Given the records below, the lines starting at the line with "The ring is" and ending at the line with "Circa 2000." should be output exactly, both end lines kept and pictures left out.

Stored data below:

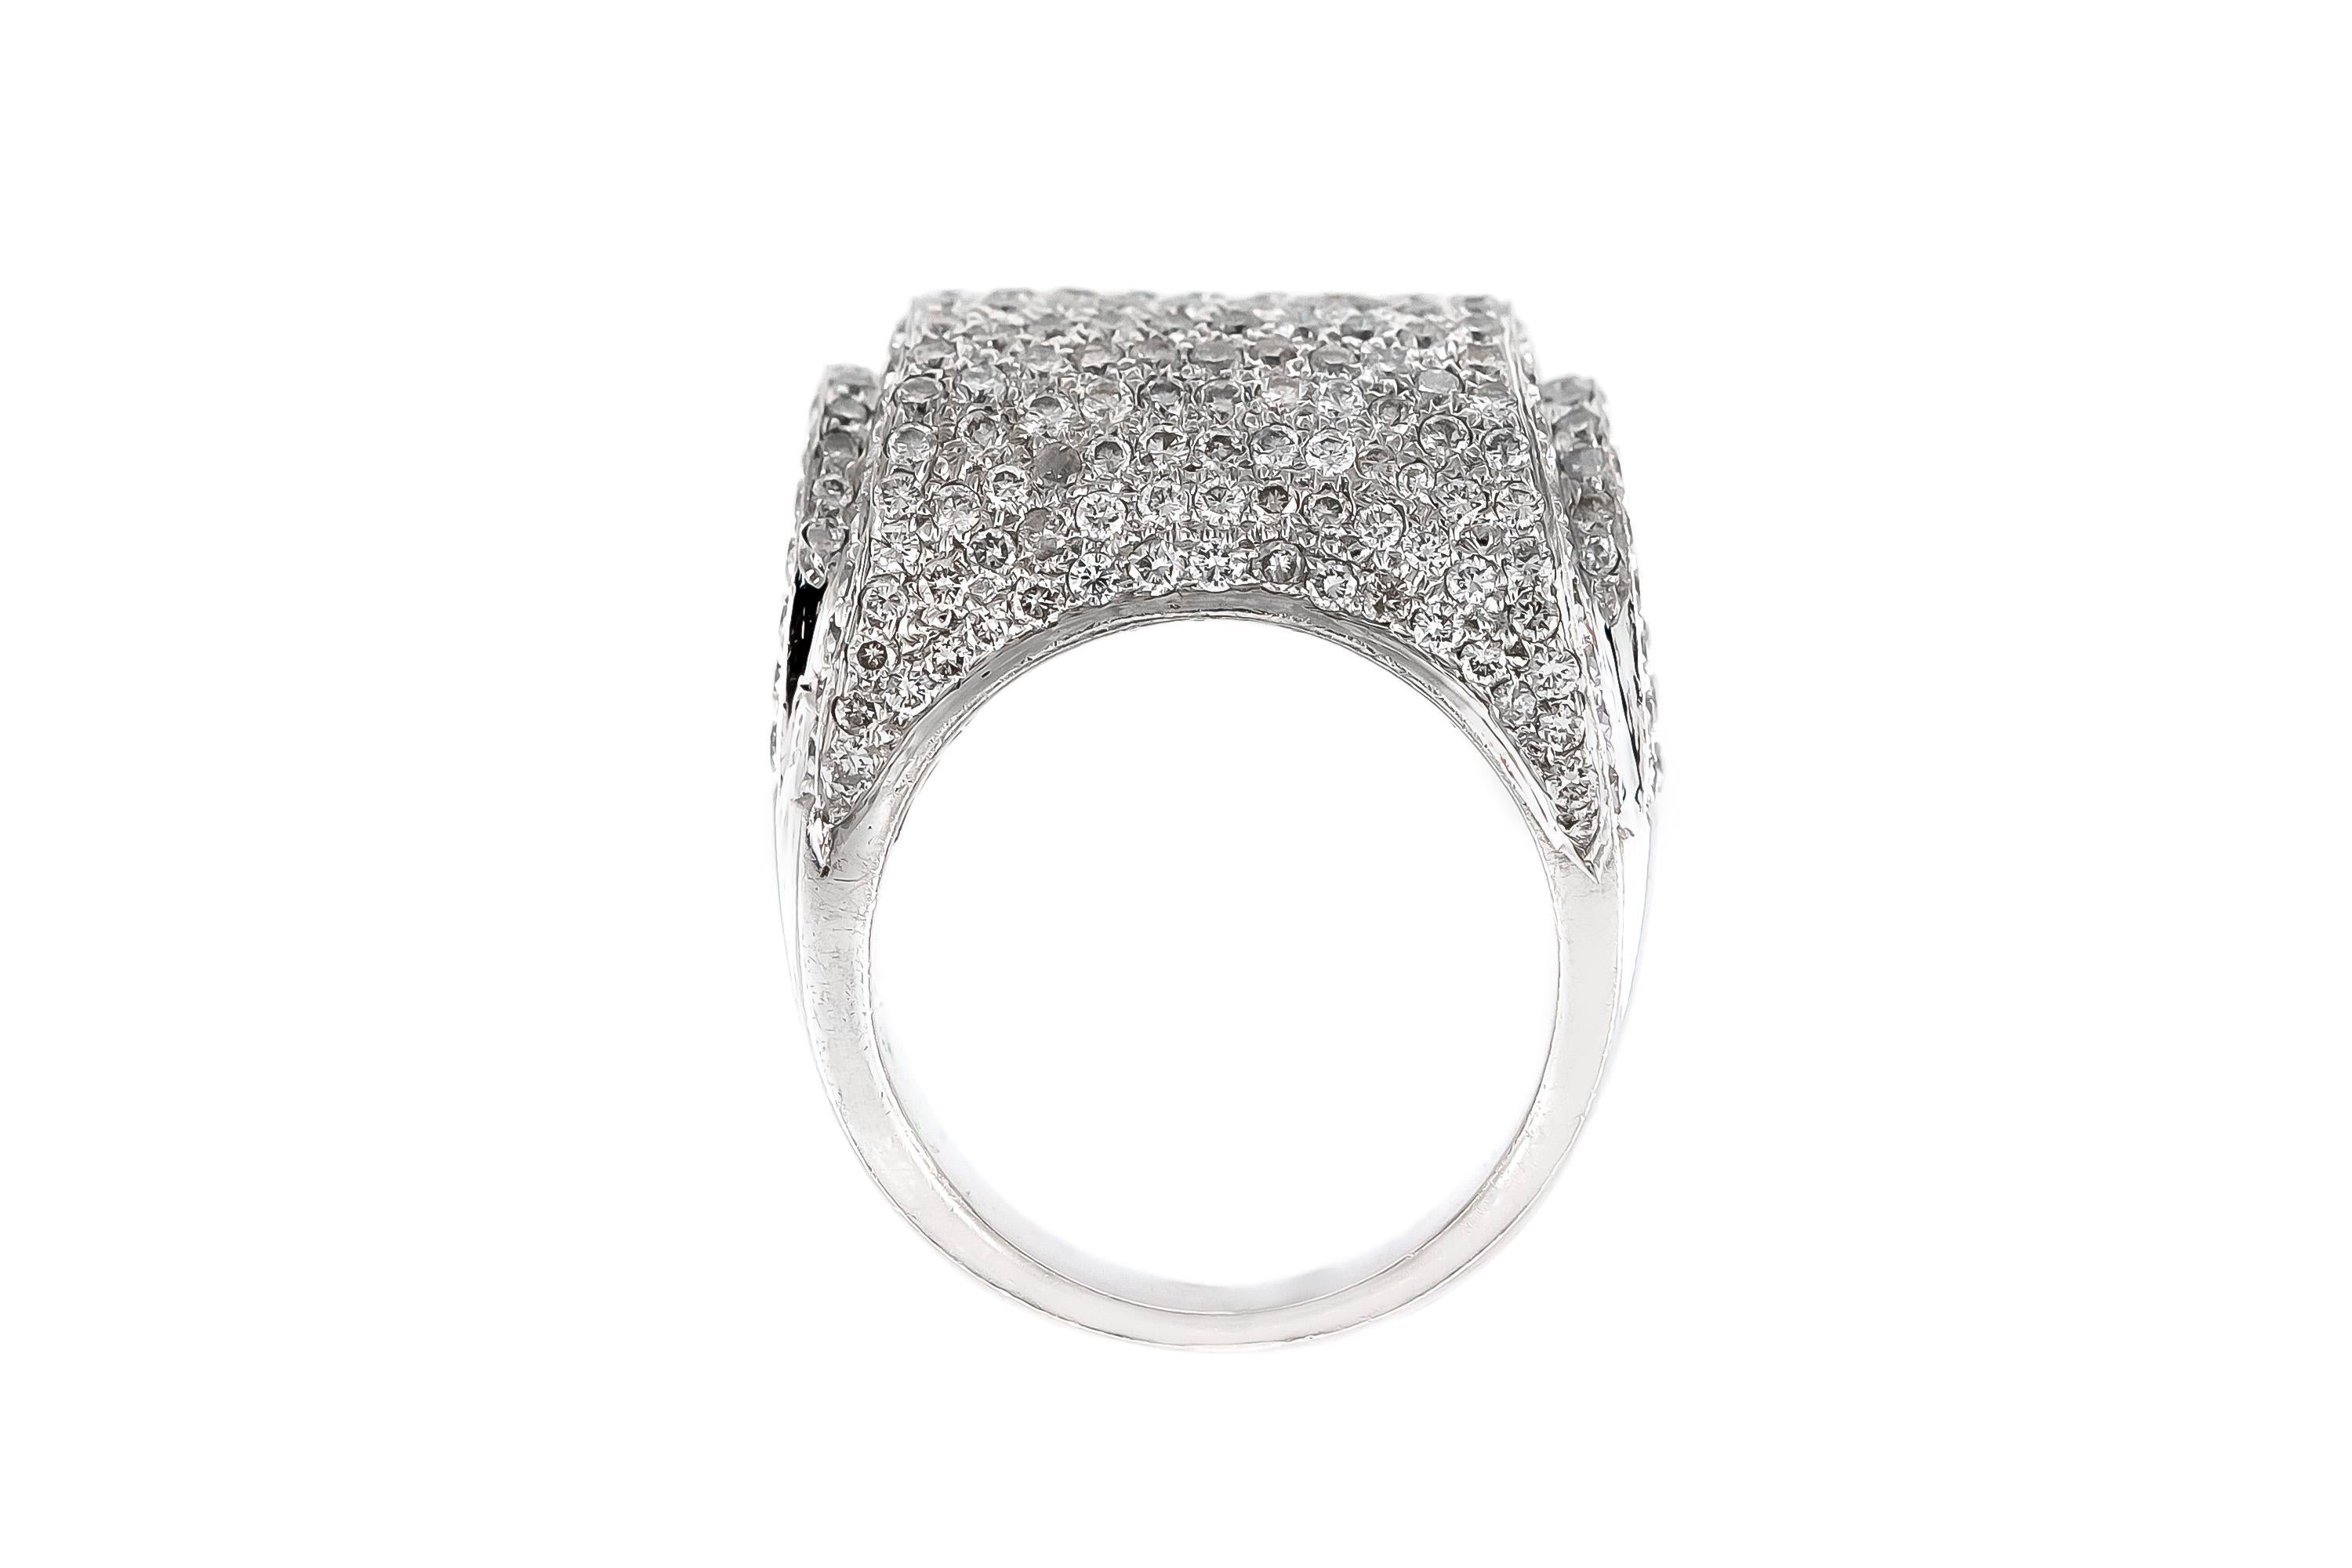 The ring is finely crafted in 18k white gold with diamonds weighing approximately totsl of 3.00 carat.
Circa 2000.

End of Stored data.
Stored data below:

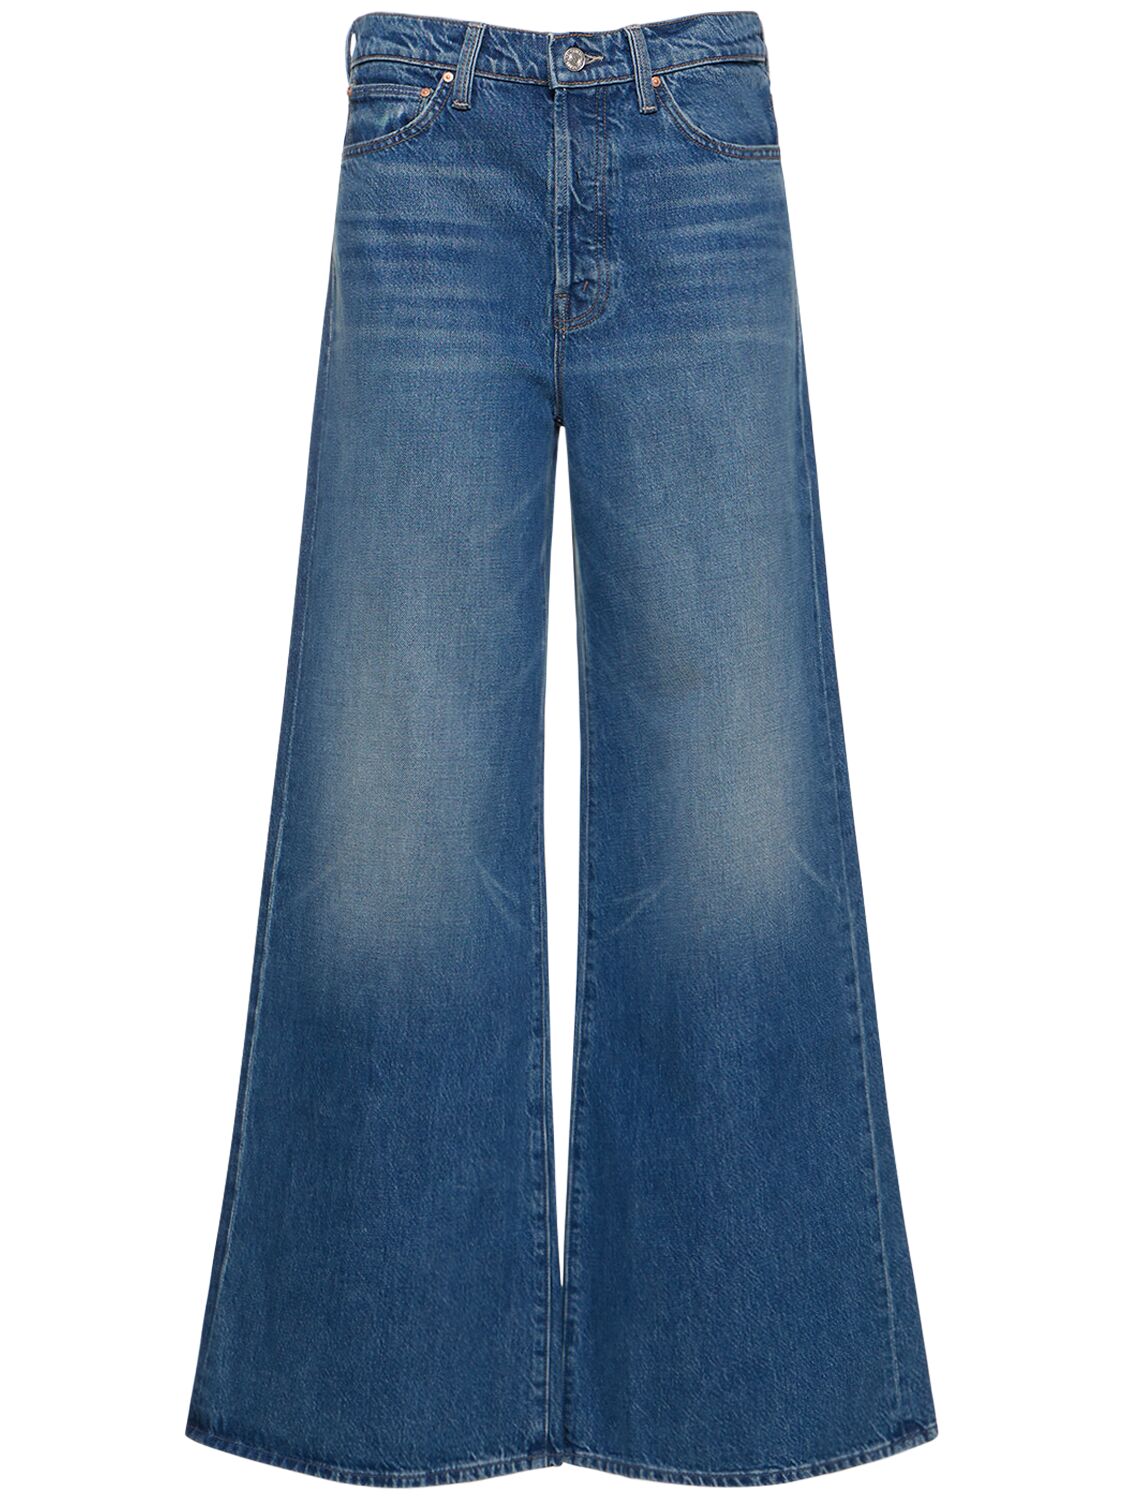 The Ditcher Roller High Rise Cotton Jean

End of Stored data.

__Answer space__:
 The ring is finely crafted in 18k white gold with diamonds weighing approximately totsl of 3.00 carat.
Circa 2000.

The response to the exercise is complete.